While the fifth episode once again delivers exactly what you’d want from a Luke Cage show, there is a wonder if Netflix has finally managed to sort out their story issues. It’s been a consistent problem throughout all of Marvel’s Netflix arm, affecting both Daredevil and Jessica Jones at various points in their seasons. In fact, I read it described somewhere as Netflix constantly making four episode stories last for thirteen and while I wouldn’t quite describe it so harshly (yet), I would argue that every show so far (two Daredevils, one Jones) have been at least three episodes too long. In comparison, Luke Cage is going pretty strong, but as we’re only five episodes in, there is a feeling that “Just To Get A Rep” is going over some already familiar material to double down on a point it’s already made.
However, that material is continuing to play to the show’s strengths, so it’s still nothing to worry about just yet. That strong sense of community that the show’s thrived on comes to the forefront when both Cage and Stokes downshift their pissing contest from sizable property damage and vigilantism to something far more subtle. While Frankie Faison’s Pop has now been dead for three whole episodes, the show is very much keeping his memory at the forefront of the story. In fact, there’s a sense that Luke is going to have to accept the dead man’s burden as the unofficial conscience of Harlem if he’s ever truly going to purge the streets of criminal influences. Of course, Stokes isn’t about to let that go unopposed, and while Shades introduces him to that special, exploding Judas bullet that may be just thing for vaquishing an unshootable foe, we get to have a few gripping face-offs between Mike Colter and Mahershala Ali that crackle with social relevance. In fact, the unofficial “debate” the two have at the memorial is yet another example of the show reaching it’s full potential when it comes to merging superheroics, blaxploitation and social themes.

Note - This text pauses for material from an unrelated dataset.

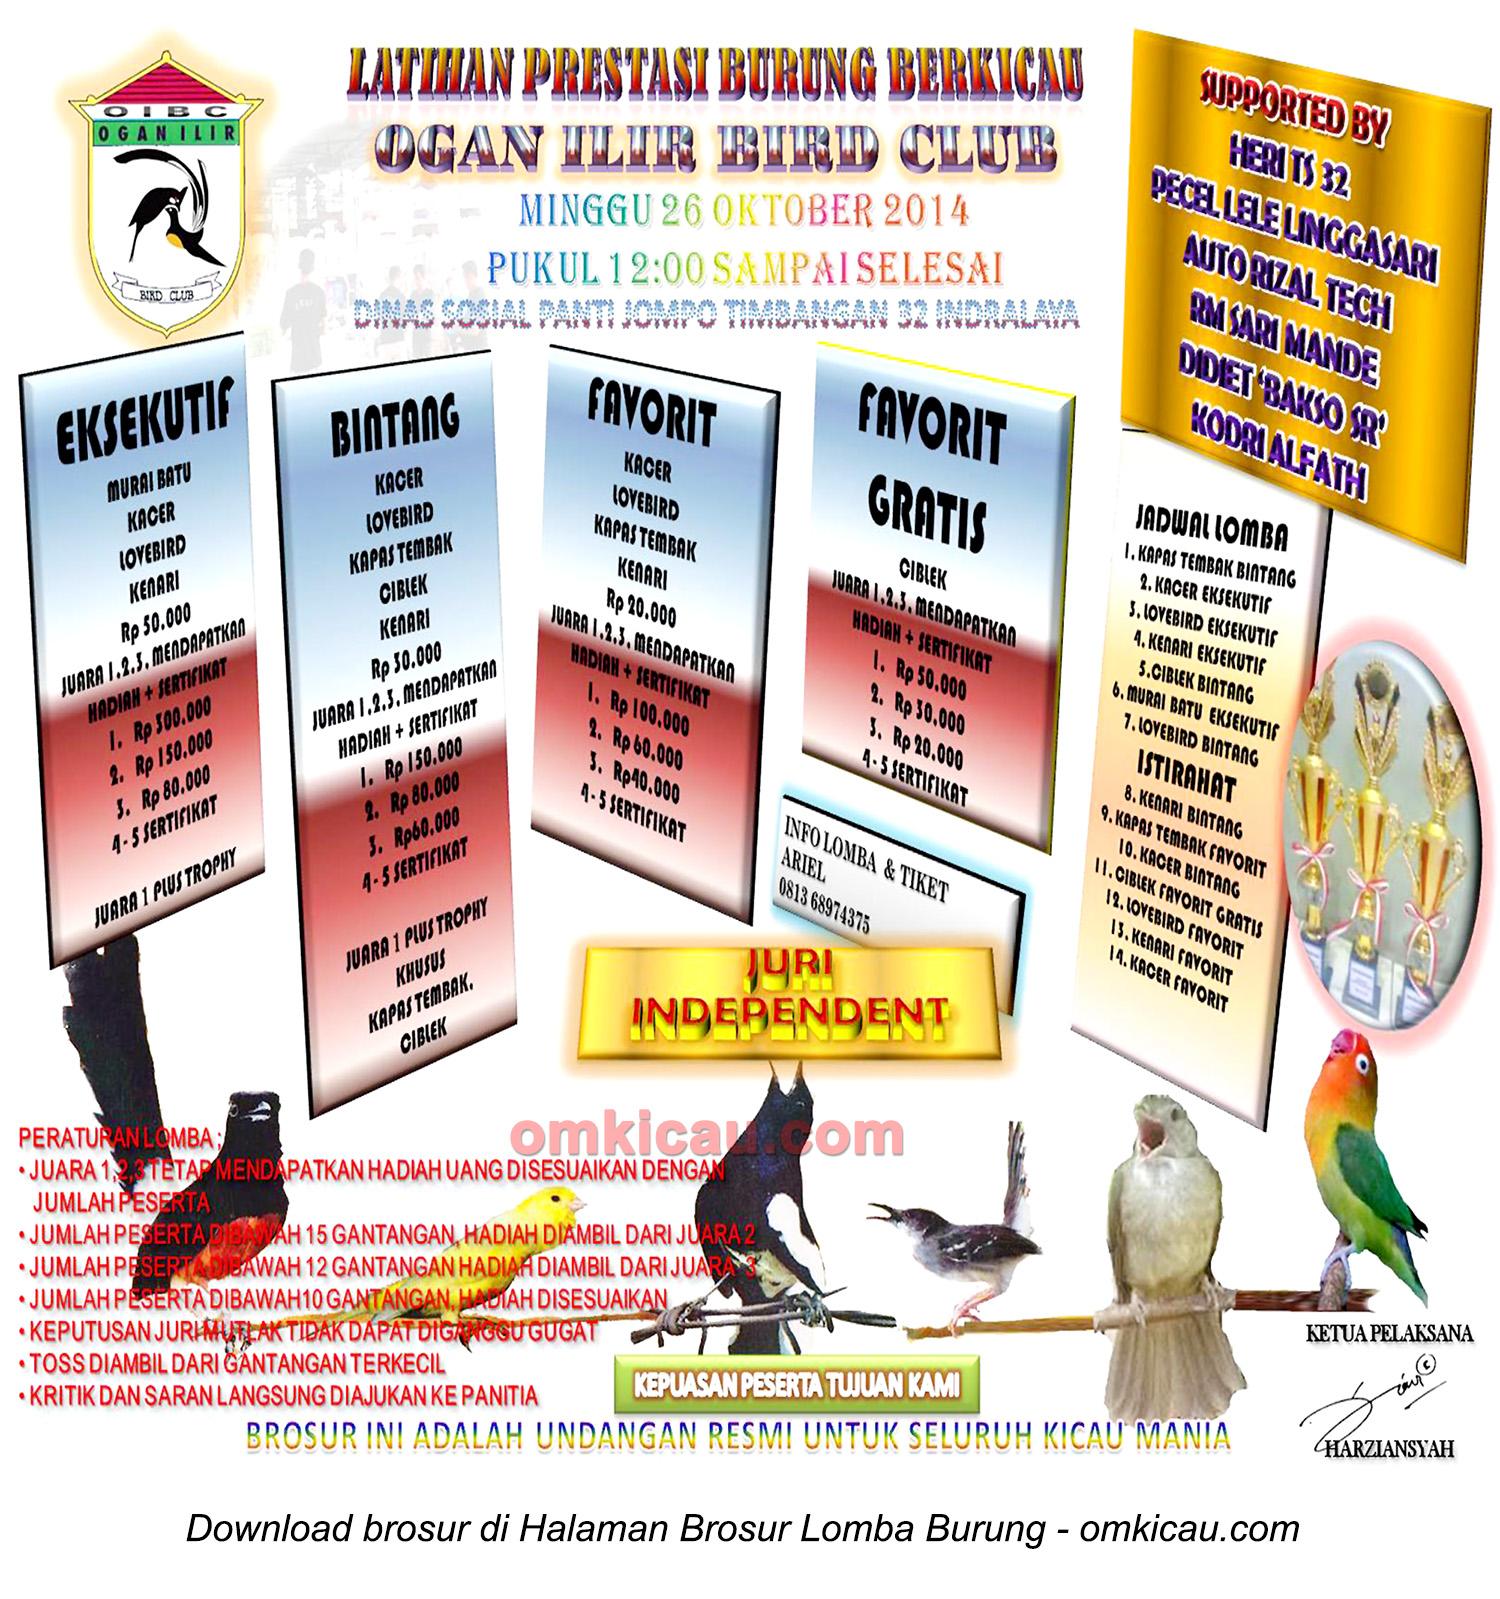 Brosur Latpres Burung Berkicau Ogan Ilir BC, Indralaya, 26 Oktober 2014
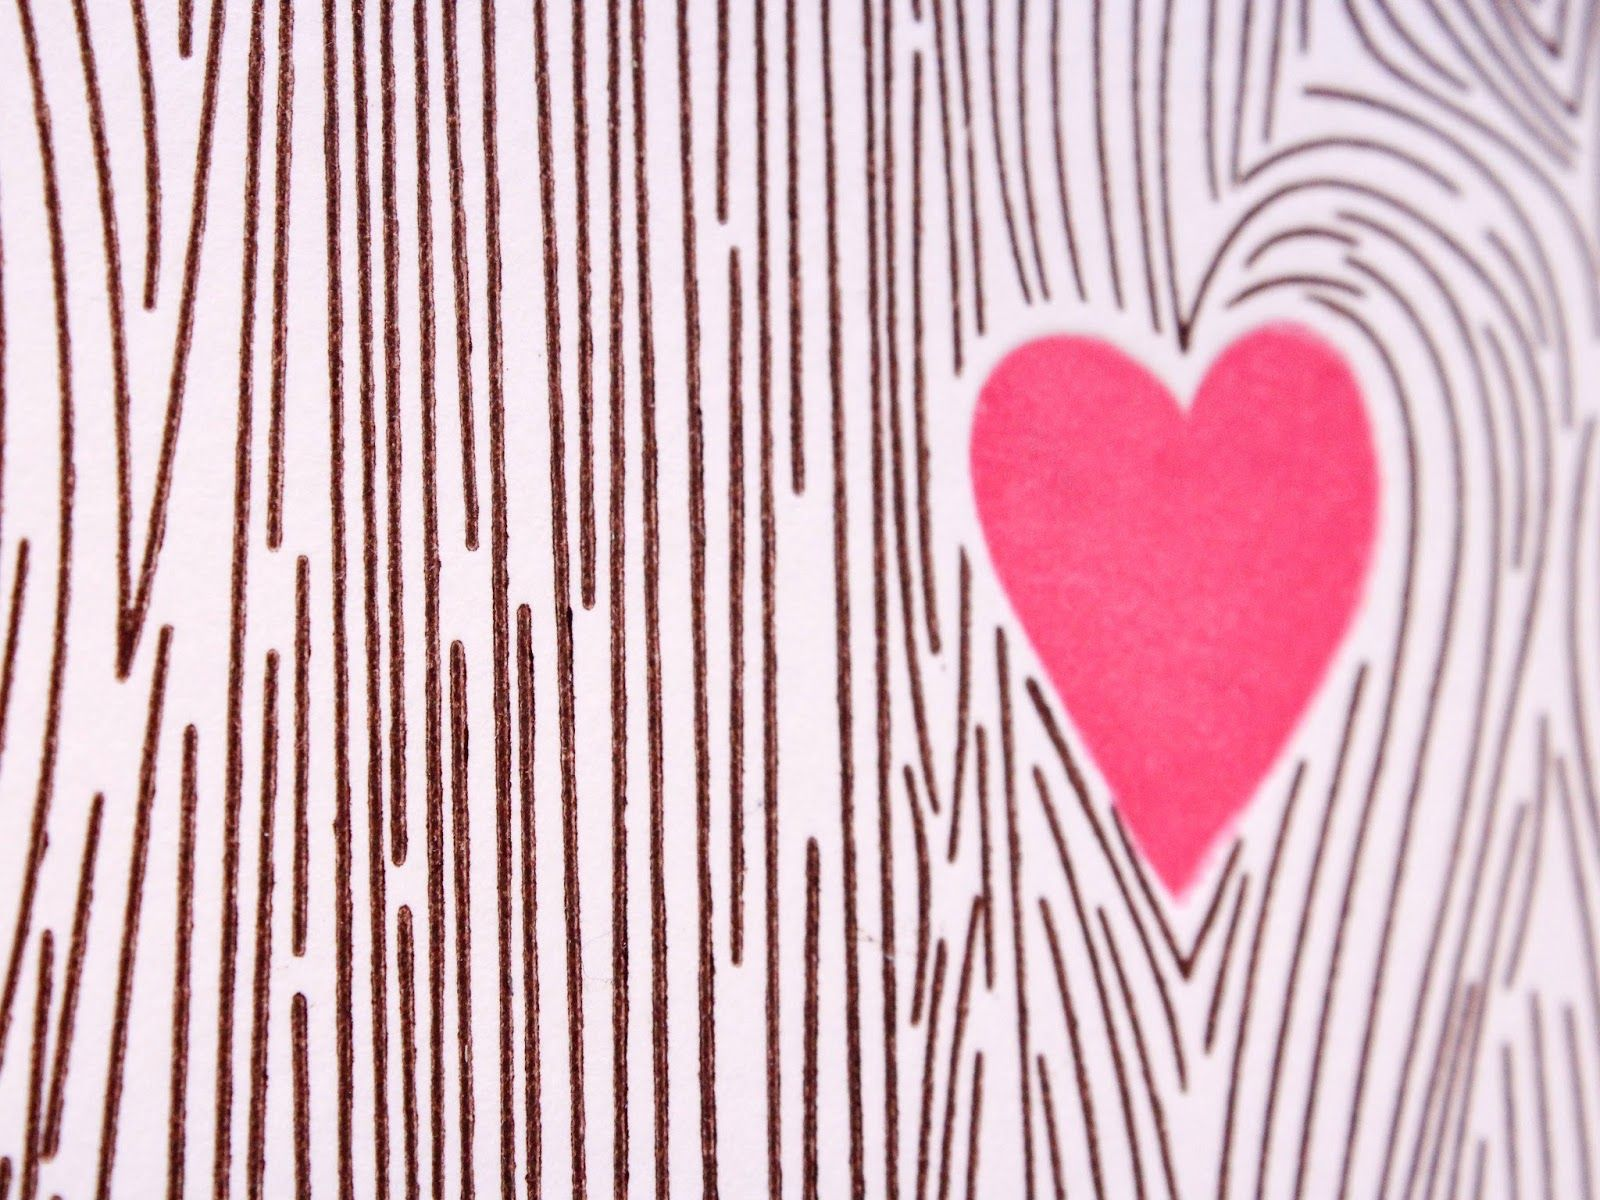 Sprinkled With Glitter: Woodgrain Background Valentines

However, slightly less effective are the action scenes that doesn’t seem to be entirely confident about how to stage fight sequences between normal folk and a guy with untested strength limits. Watching him render horribly outmatched thugs unconscious with an open-handed bitch-bop to the head is a cool concept, but it isn’t shot or choreographed with any particular flare and thus is a little underwhelming. Simply put, we need a more physical threat for our protagonist pronto. But still, the more mental threat of Stokes trying to sully Cage’s name before he gets too much support in Harlem proves to be interesting enough.
Proving to be most interesting of all is the inevitable arrival of Rosario Dawson’s Claire Temple, the Netflix universe’s closest answer to Nick Fury (as in that she pops up bloody everywhere). However, rather than having her just pass through, we see that she’s been granted a continuing arc after the trauma she experienced in Daredevil’s second season. While she survived that attack from the Hand, her job sure didn’t, so she’s now come to Harlem to stay with her mother played by Sônia Braga. With Temple having multiple experiences stitching up Matthew Murdock and having already met and saving a comatose Luke Cage while cameoing in Jessica Jones, hopefully she’ll have something important to do as she’s shown interest in becoming a triage nurse for busted superheroes. I guess it’s no accident that she’s arrived in the show in the same episode that floats the concept of a Judas bullet…

While it’s settled nicely into its various themes and plots, there’s a sense that Luke Cage may have to up it’s game soon as watching our bullet-proof brother batter helpless thugs with no resistance is already getting a little stale. However, with Chitauri tech on the horizon, Claire Temple in the house and the animosity between Cage and Stokes getting ever more personal, the show ain’t breaking anytime soon.